MARCO BIASIOLI

Ukrainian Popular Music in Times of War: National Identity, Transnational Projections and the Musician as Grassroots Ambassador

This paper investigates the ways in which Ukrainian independent popular music, after Russia’s full-scale invasion in February 2022, has contributed to domestic nation-building and international nation-branding. Taking as case studies six artists who have extensively toured abroad with their musical projects, the article traces the evolution of the internal imaginings and external projections of Ukrainian identity enabled via musical activity. The article shows that the war has generated a reconfiguration of the relationship between the artist and their social responsibility, in which music now functions as a fundamental means to raise transnational awareness of the Ukrainian struggle and materially influence Ukraine’s defence. This reconfiguration has prompted the performers to take on the role of the grassroots cultural ambassador and create DIY networks of solidarity, largely outside of state initiatives. While the promotion of Ukrainian identity on the international stage assumed a central role in this urgent, bottom-up and collective endeavour, notions of the country did not adhere to a standardized framework, but rather reflected Ukraine’s unity in cultural diversity.

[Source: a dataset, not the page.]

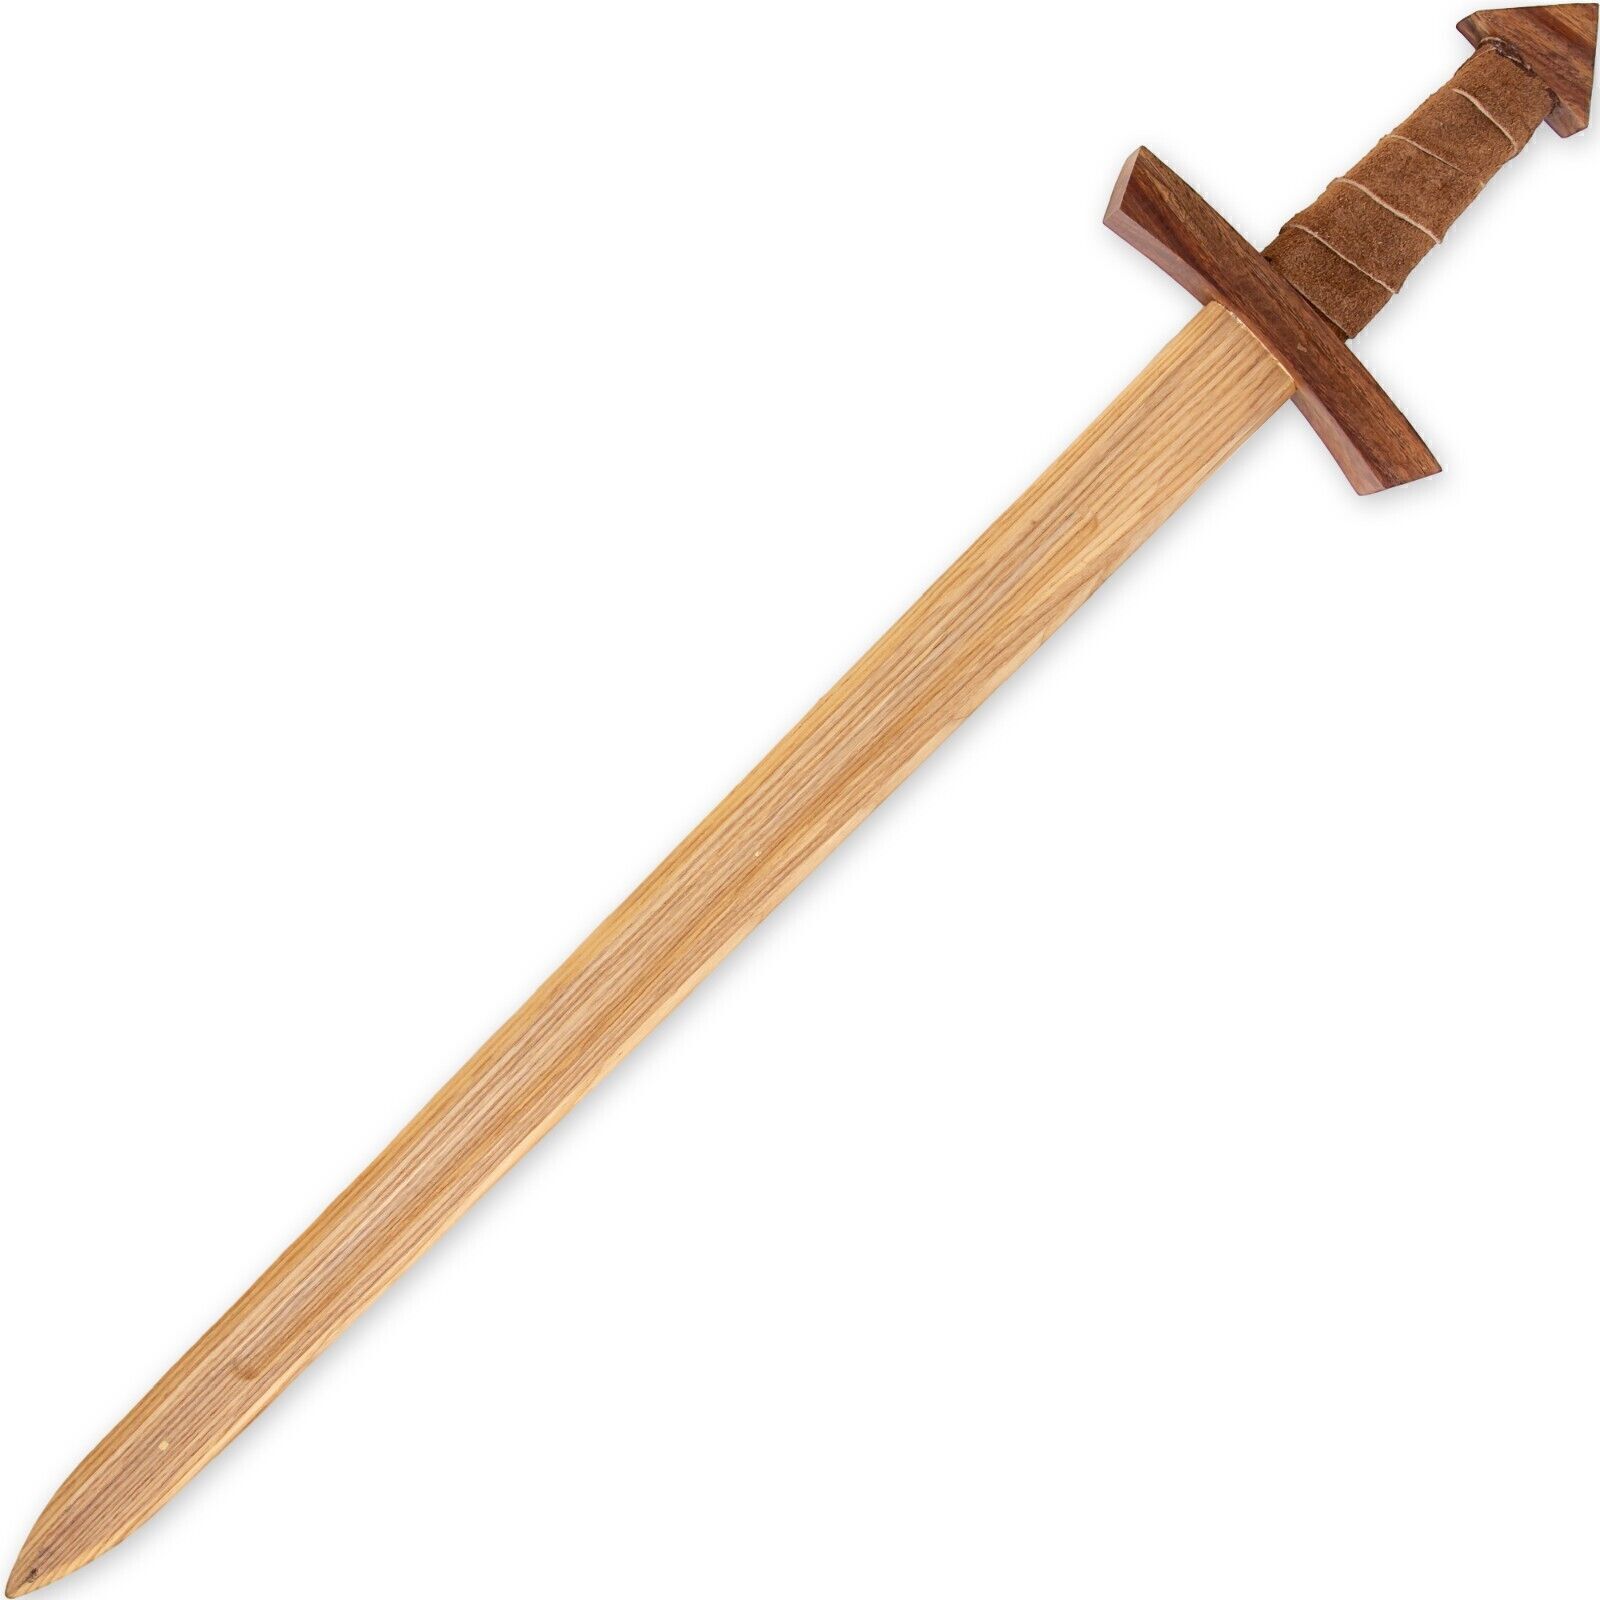 Beech Wood Pretend Play Practice Training Wooden Arming Sword w/ Leather Handle

Marco Biasioli is a Lecturer in Russian and East European Studies at the University of Manchester, UK. His interests include Soviet, Russian and Ukrainian popular music, culture-power interactions, Russian literature and national identity. His recent book, Independent Music in Russia (Routledge 2025), explores the negotiation of spaces of creativity and labour conducted by independent music practitioners vis-à-vis the rising authoritarian state in Russia.